Can someone confirm this behaviour?
In 22.05 memory usage is signifcant higher?
22.01 free abt 80%, 22.05 abt 30%?
And the "inactive" vice versa from 7.5% to 60%?Regards
-
For me it was not 404, but website could not be reached.
I have the exact same memory usage as you, comparing 22.01 and 22.05.
-
Has it been rebooted since the update? The update process itself uses a lot of RAM. That would normally be freed over time or if required. Rebooting it should show similar usage to 22.01.
Steve
-
an EBKAC error ... (Error Between Keyboard And Chair)
Just rebootet:
Regards
-
I am rather sure I found the cause for the issue..

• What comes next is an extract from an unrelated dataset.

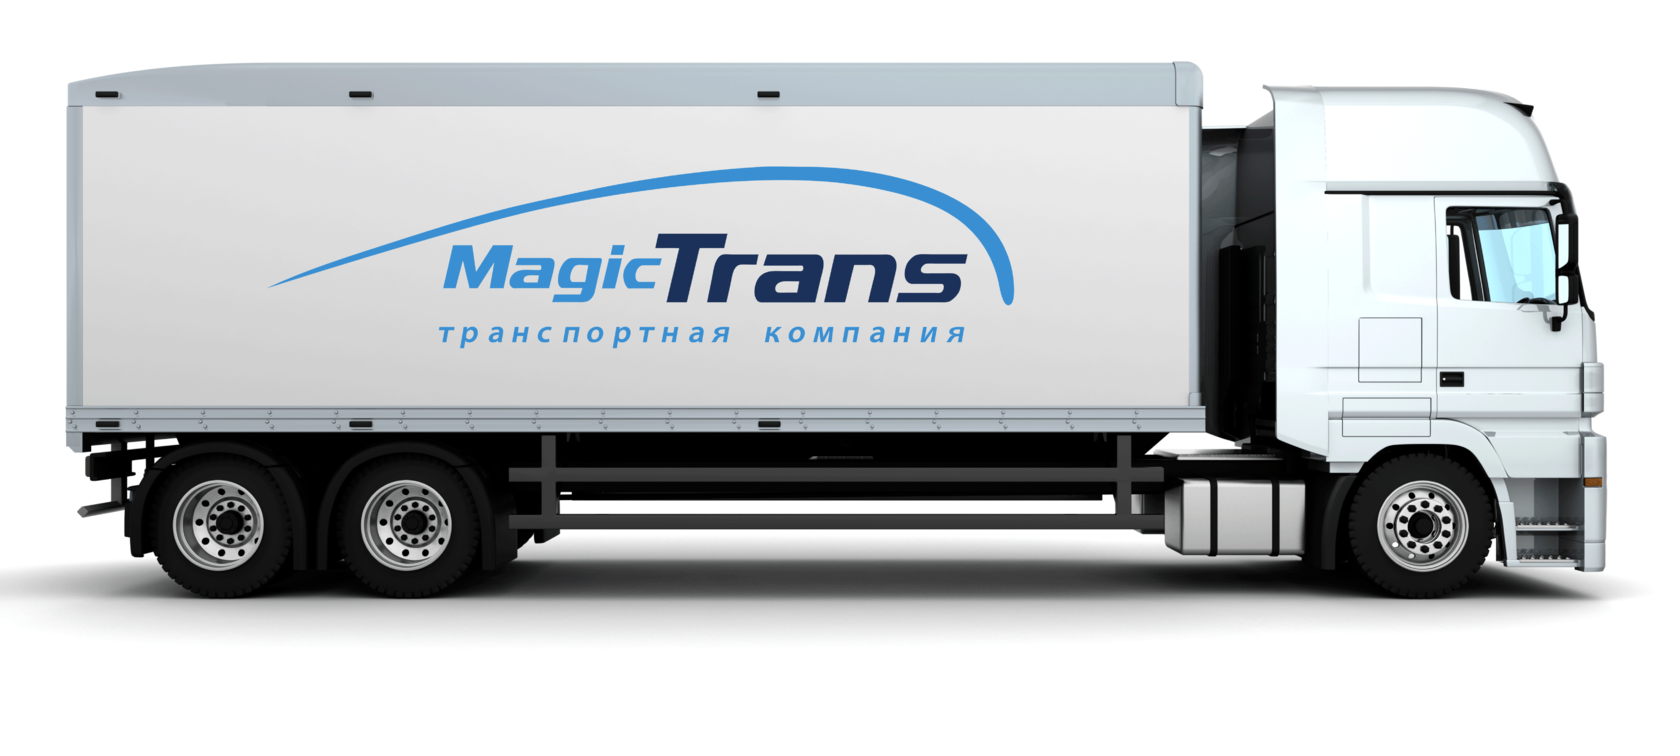 Транспортная magic. Мейджик транс транспортная компания. Мейджик транс транспортная компания лого. ТК Мейджик транс логотип. Фуры компании Magic Trans.

Today it was (nearly) the same, no internet access, no name resolution, but pfSense GUI was still available. That was slighty different. And a running internet stream was still active!?Anyhow, the appliance was rebootet at July 2nd after installing v22.05.
And since then I used the widget for the used disk capacity.
Some months ago (could be shortly after installing 22.01) I used the option "use RAM disks" for /tmp and /var.Since last reboot I noticed, that /var is getting more and more full. I was curious if there is any process which frees up filesystem at a certain level.
No, it wasnt. This morning /var was filled up by 100% (may be 99.99% and thats, why it was slighty different this time).Anyhow, administration via GUI was possible and I disabled the RAM disks.
Now I am curious, what will happen next, in Disk widget there is only / (root) and /var/run visible.
With 22.05 I installed also a m2.ssd with 128gb, my guess is, that this should not run out of space- hopefully.Regards
Edit: nothing seen at console, last entry was a login notification from July 12th, and next is the reboot from today. At least I have had expected some warning about the 100% file system usage.